Paige Schaffer: [00:21:26]  I think there’s some different tactics that folks take with seniors in that they’re maybe not as technically savvy, but they are a little – you know, if I think about my mother, who’s very active on email and the web, quick to say, hey, this looks serious. Should I share this information? Now she’s got a daughter that works in this business. So she’s gotten better about saying, hey, I probably shouldn’t do this. And – but there are a lot of folks that, quite frankly, thieves are savvy about and kind of scare them into, well, if you don’t do this, you’re – you know, the latest was the IRS scam, where we’ve got a warrant out for your arrest kind of thing.

Dave Bittner: [00:22:10]  Right.

Paige Schaffer: [00:22:10]  I think the other thing that was really kind of glaringly interesting in this study is when you think about all of the types of losses experienced by victims – financial loss, property loss, reputational damage – by far it is emotional distress that’s most frequently reported by victims. So over 80% ranging from medium to high levels of really truly emotional trauma. So where almost 50% felt like they had a medium level of emotional distress, another 32% experienced really high level of emotional stress. And this is in sync with – we also, Generali, we conducted a survey, a global cyber barometer survey, early this year in February. And over 82% of global respondents consider a cyberattack extremely stressful. And almost 50% of respondents wouldn’t know how to fix their situation if they were compromised.
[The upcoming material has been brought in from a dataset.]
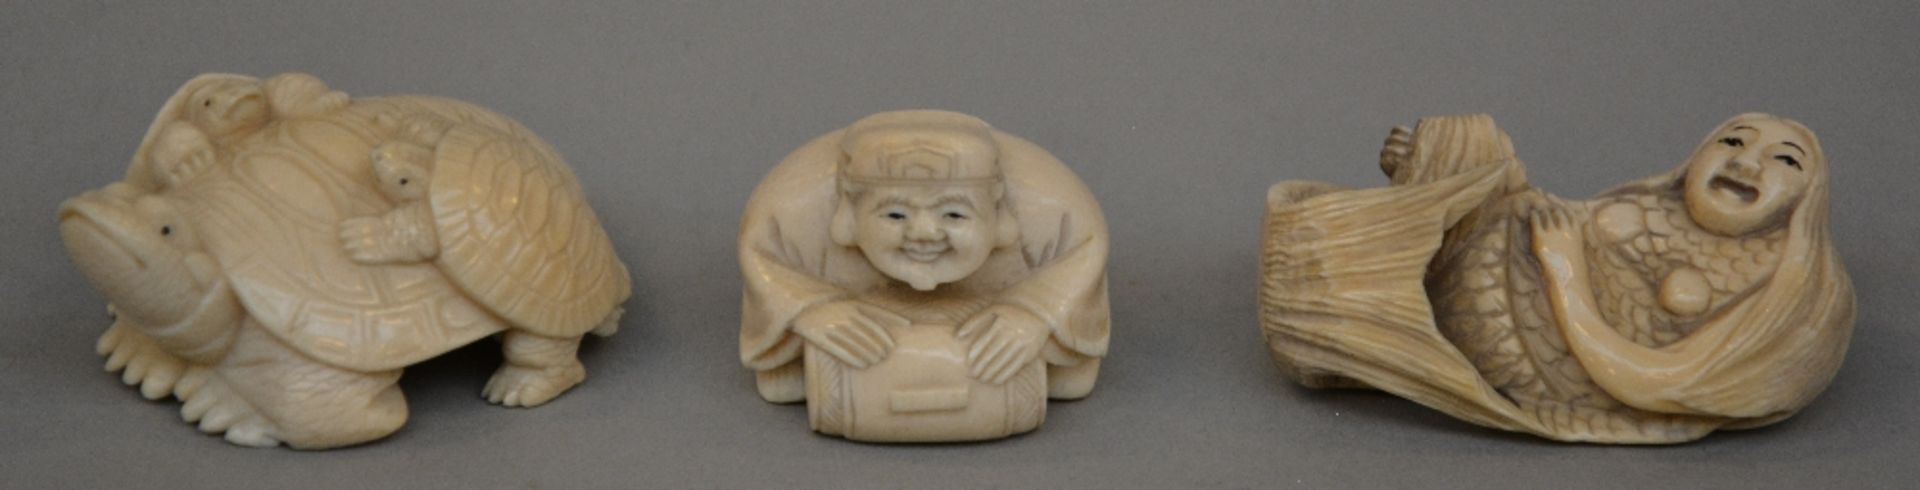 Nine Japanese ivory netsuke, first half of 20thC, H 5,4 - 2,2 cm, Total weight 350 g - Image 4 of 4

Paige Schaffer: [00:23:18]  So again, really another reason why full-service resolution services are important and really knowing what next steps to take so you can alleviate some of that stress. Again, I would kind of hammer home how important it is that organizations are really working towards a culture that embodies cyber safety. And those that don’t will just increasingly fall further behind as those criminals get more and more sophisticated. So I would say for these market sectors, we see an opportunity to leverage today’s age of data breaches and the need for information security by really providing their members, customers, employees with identity protection services. They can really differentiate themselves while also creating a culture of information security from within. And we see that to be a win-win.

Dave Bittner: [00:24:16]  That’s Paige Schaffer. She’s CEO of Generali Global Assistance’s Identity and Digital Protection Services global unit. And we were discussing the University of Texas ITAP report.